I hand the phone over and listen as she asks Alex a bunch of questions about the foundation and for Melissa’s address.
She hands me back the phone and says, “Thank you for pulling my head out of my ass.” Then she hugs me and leaves.
“Holy shit,” I gasp as I raise the phone to my ear.
“Whatever you did worked, angel.” I can hear his smile through the phone.
“I can’t believe what just happened,” I admit, still shocked.
“She seemed to wake up and see the light, so it had to be something she needed to hear to give her the final push.”
“Thank you,” I say when I feel the weight lift off my chest. “I wouldn’t have made it this far without you.

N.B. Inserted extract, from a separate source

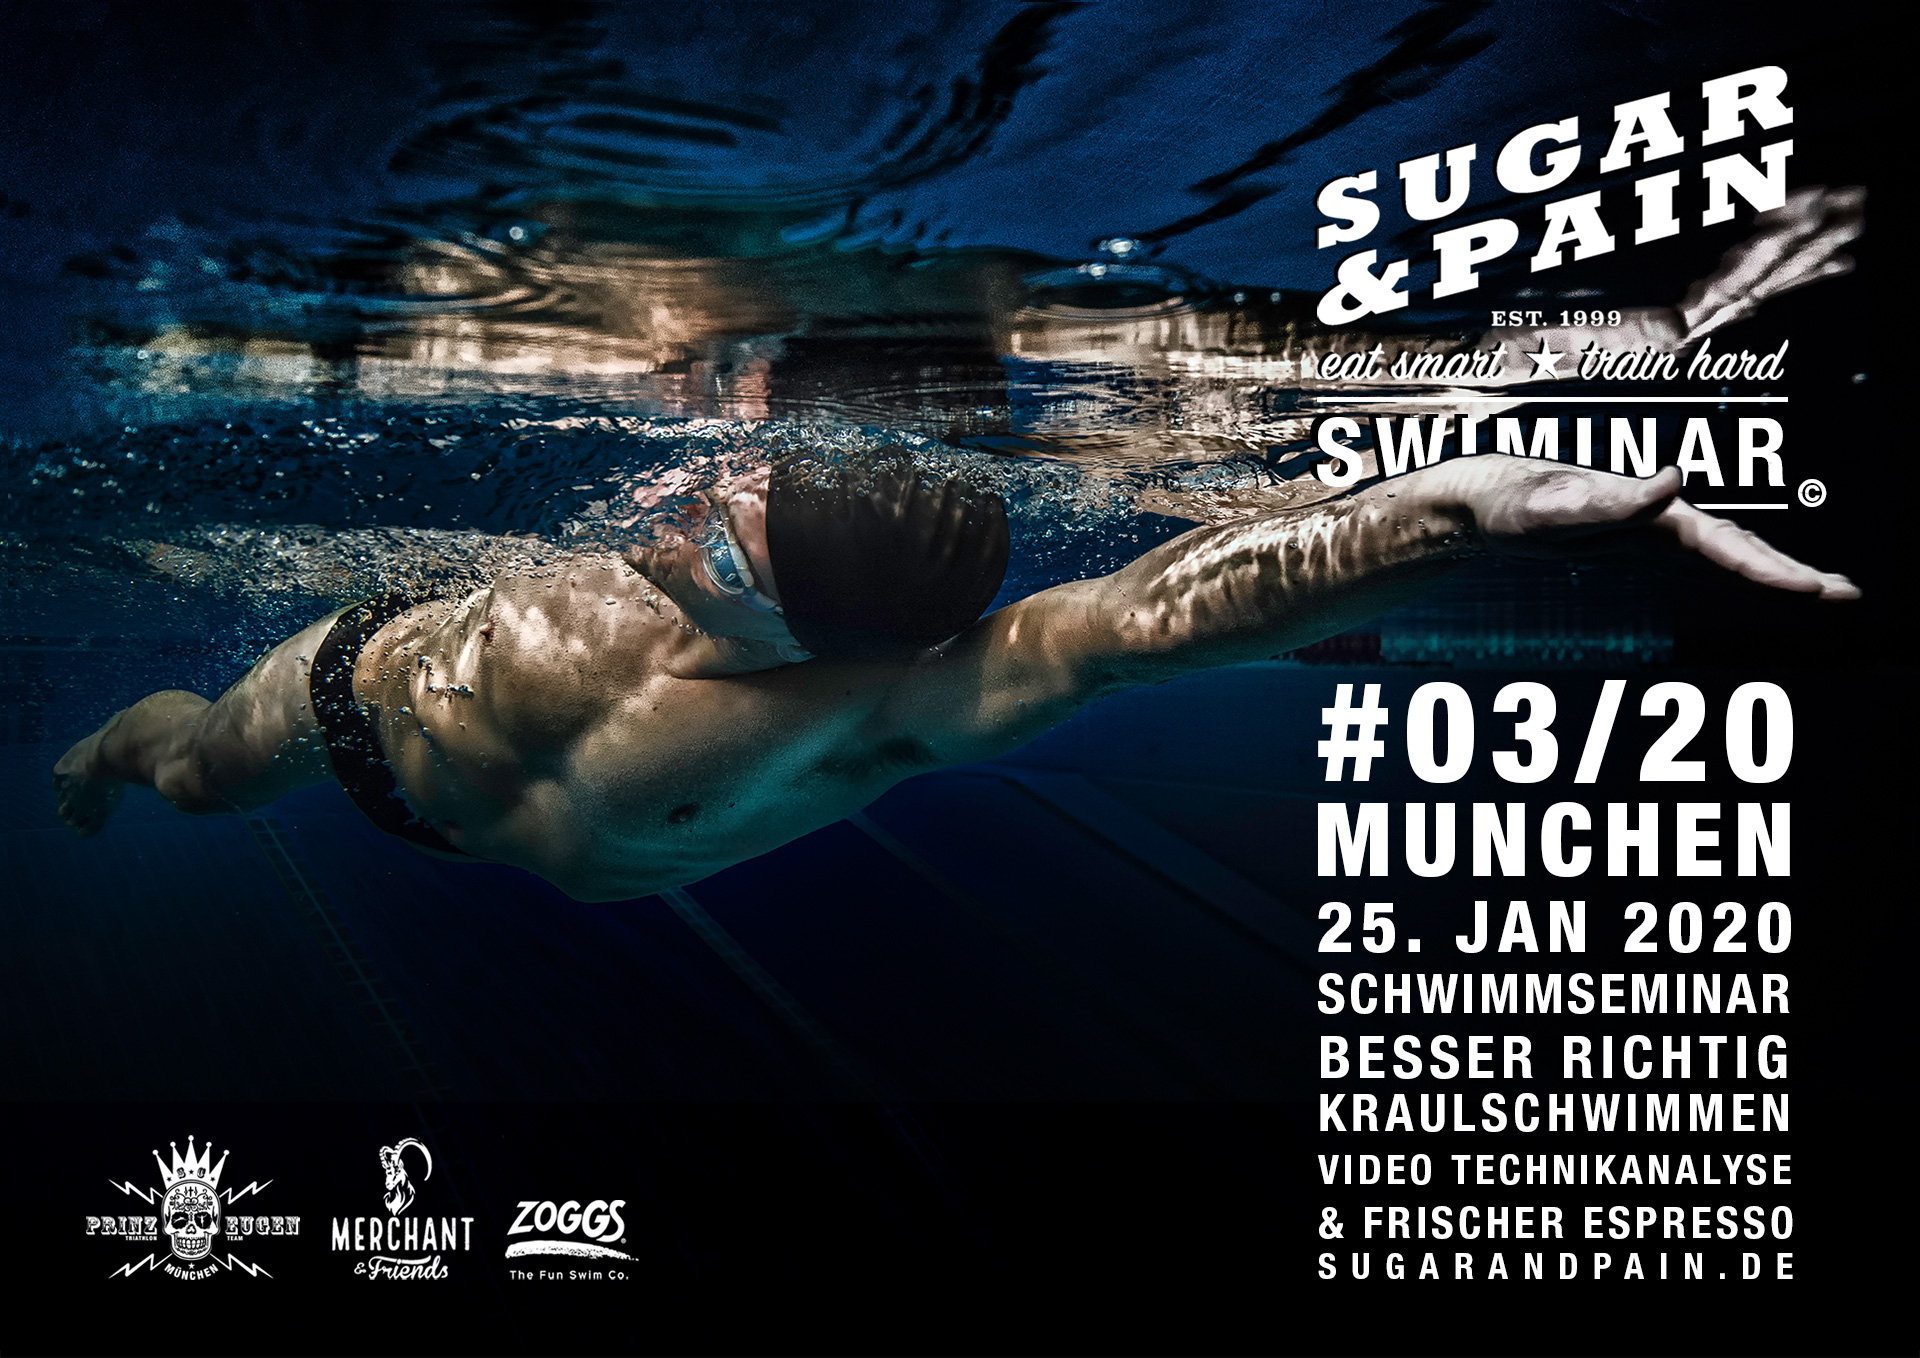 SUGAR & PAIN SWIMINAR #03/20 Richtige Kraultechnik – Das Schwimmseminar mit Videoanalyse / Titel © Stefan Drexl

I know this hasn’t been easy for you.”
“I didn’t do anything I wouldn’t normally do,” he argues.
I know he’s just trying to make light of his support through this, but it was more than that. He showed me true friendship and commitment. One thing I’ve learned from this shitty experience is that Alex cares about me regardless of sex. He never pushed me for sex when it started to dwindle. He’s never pushed me ever. He still calls. We still talk. We still hang out. He’s showing me he cares about me as a person. I’m not just a warm body for him to fill. And it freaks me the fuck out because I think it’s the shove my brain needed to fully give in to this with Alex.